> GIVEN DATA
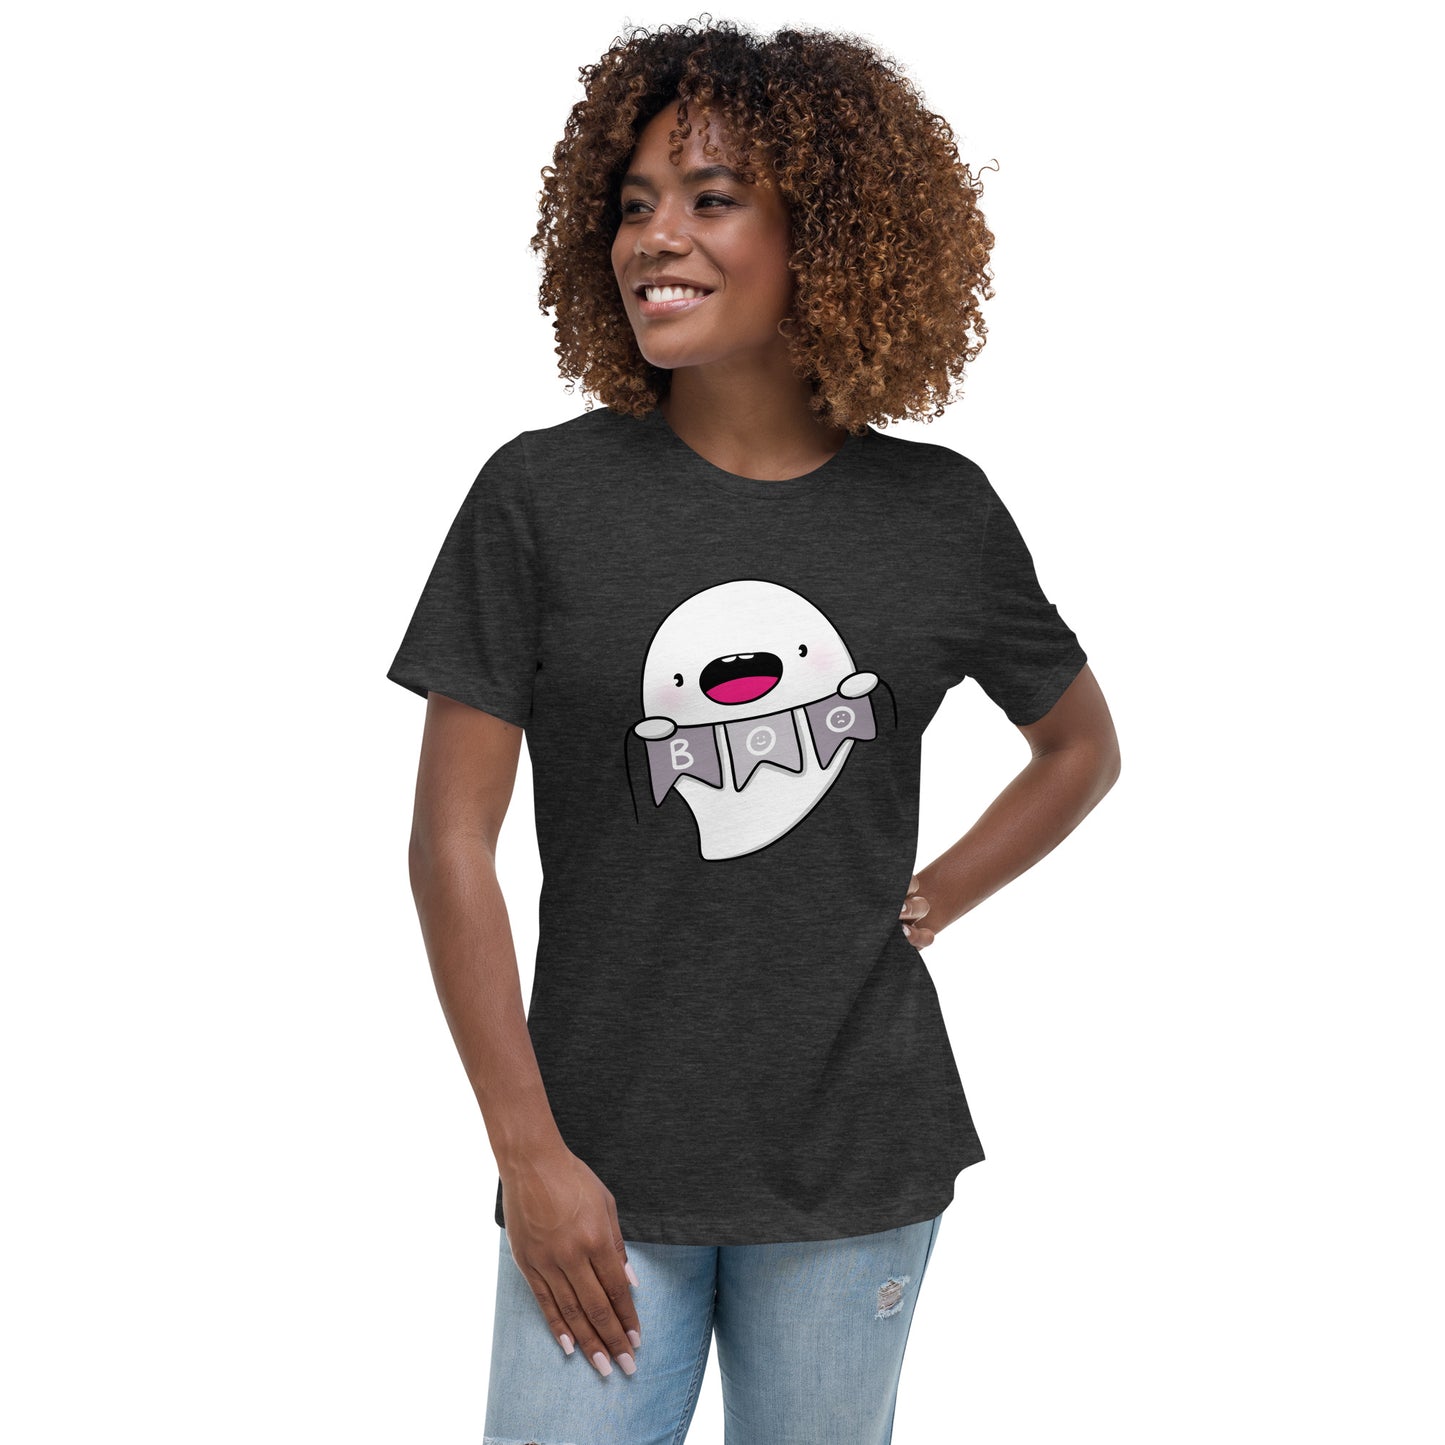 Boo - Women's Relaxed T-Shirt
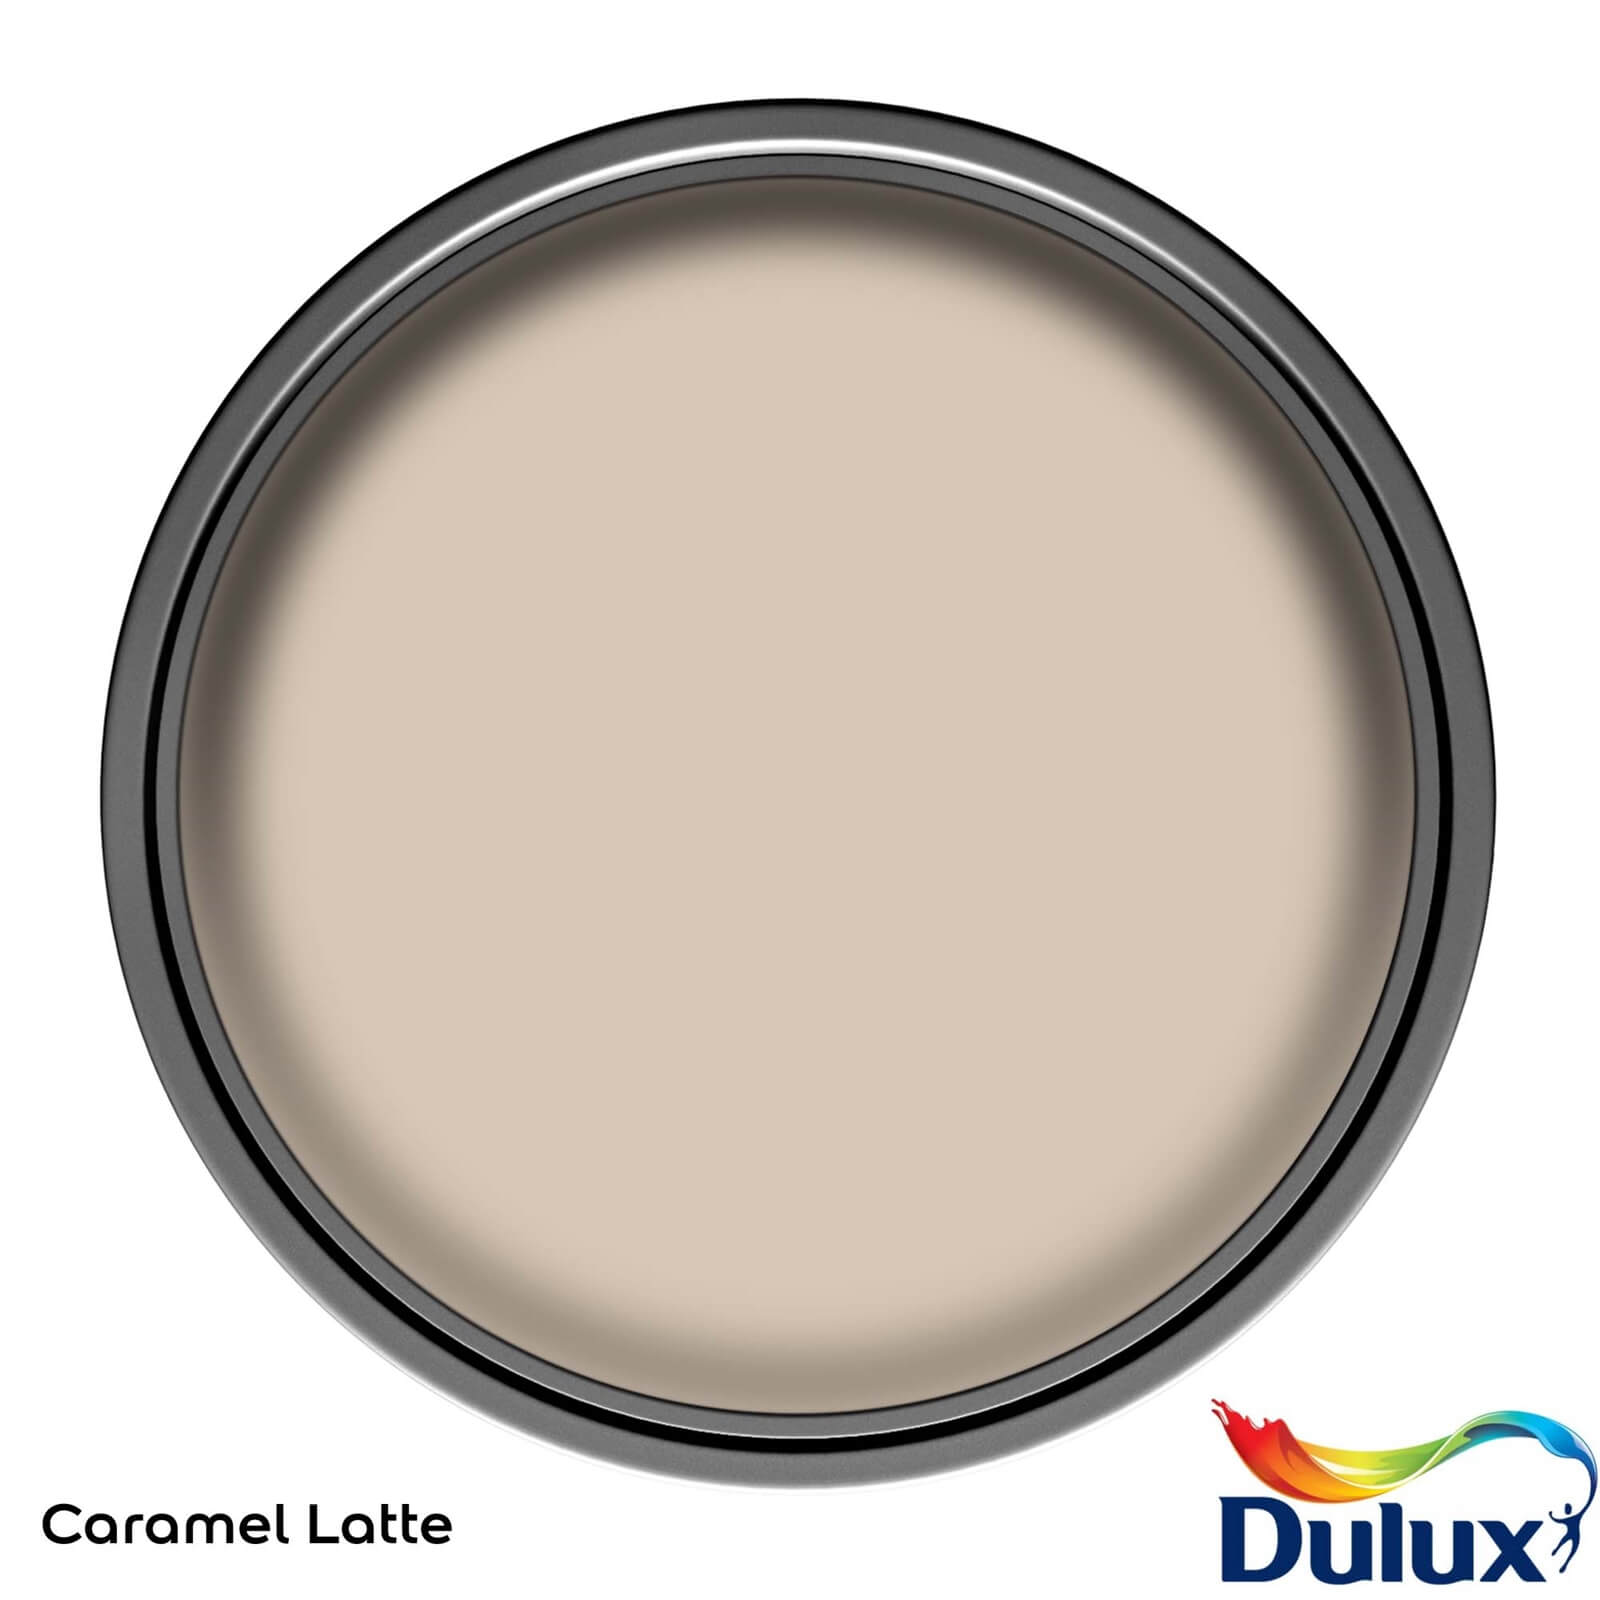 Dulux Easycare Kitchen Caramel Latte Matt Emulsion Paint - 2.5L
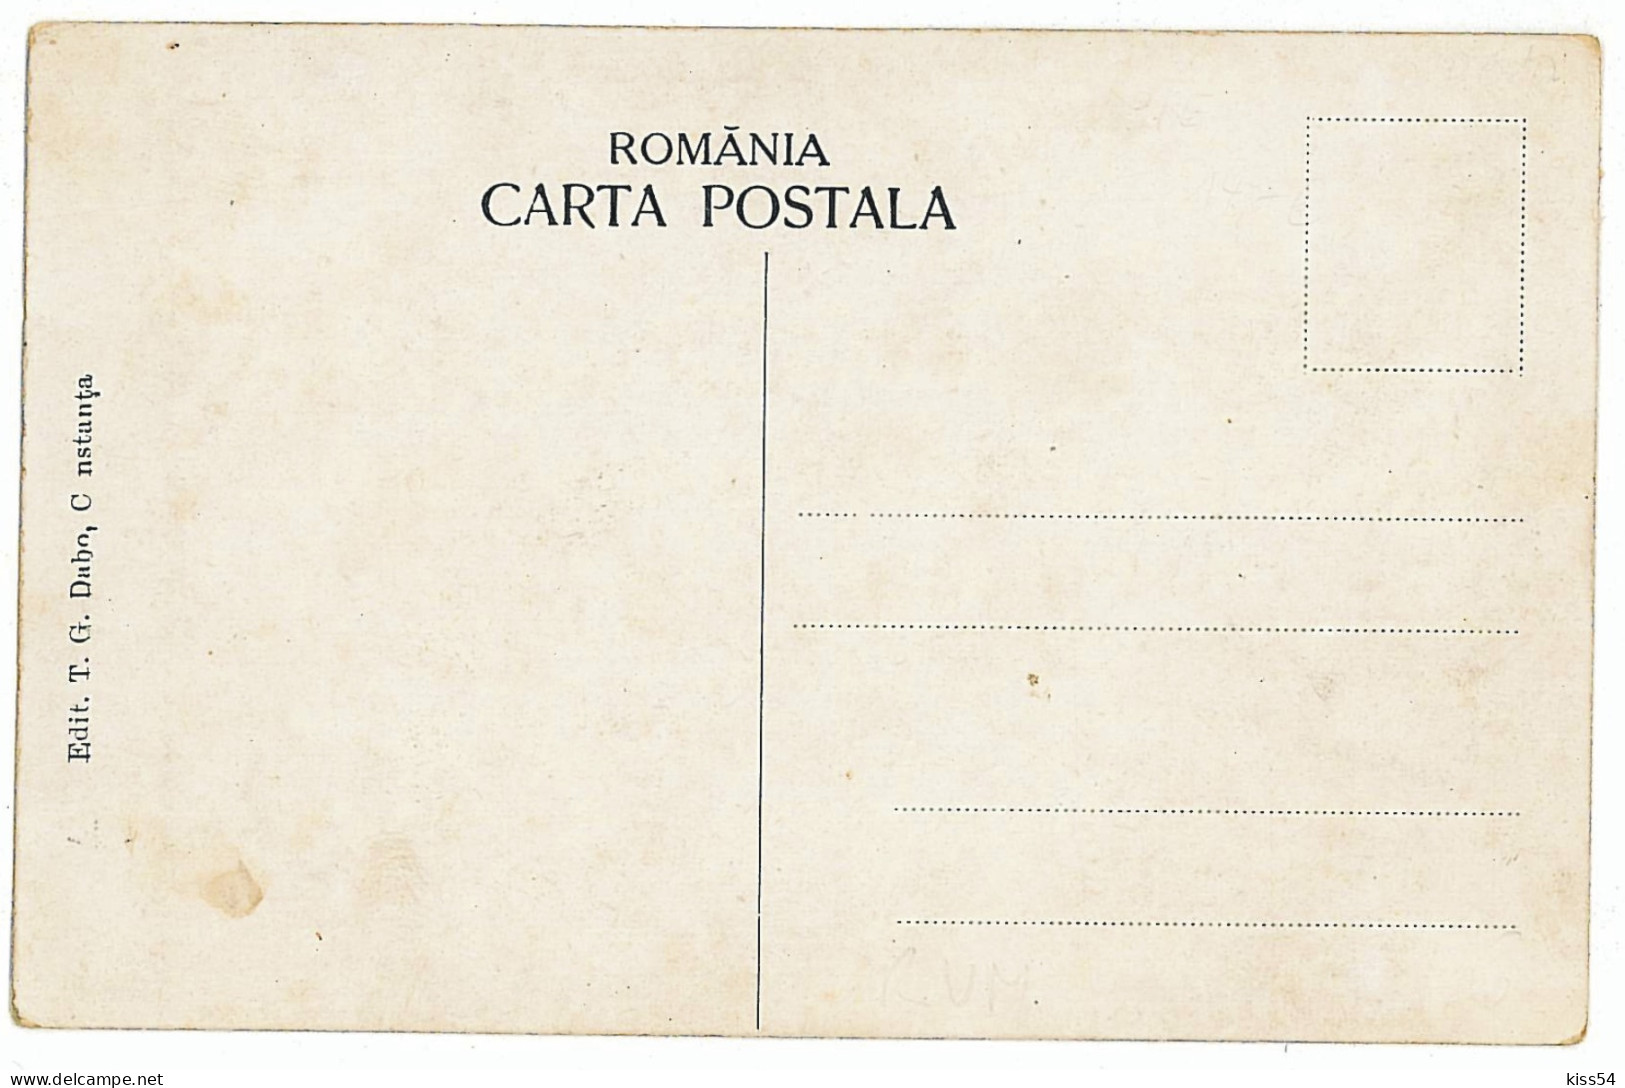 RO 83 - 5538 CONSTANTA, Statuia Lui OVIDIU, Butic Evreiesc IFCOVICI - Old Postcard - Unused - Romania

> REQUIRED WORK
Print the full listing exactly, dropping the pictures.

> ANSWER TO THIS TASK
 Boo - Women's Relaxed T-Shirt
 Dulux Easycare Kitchen Caramel Latte Matt Emulsion Paint - 2.5L
 RO 83 - 5538 CONSTANTA, Statuia Lui OVIDIU, Butic Evreiesc IFCOVICI - Old Postcard - Unused - Romania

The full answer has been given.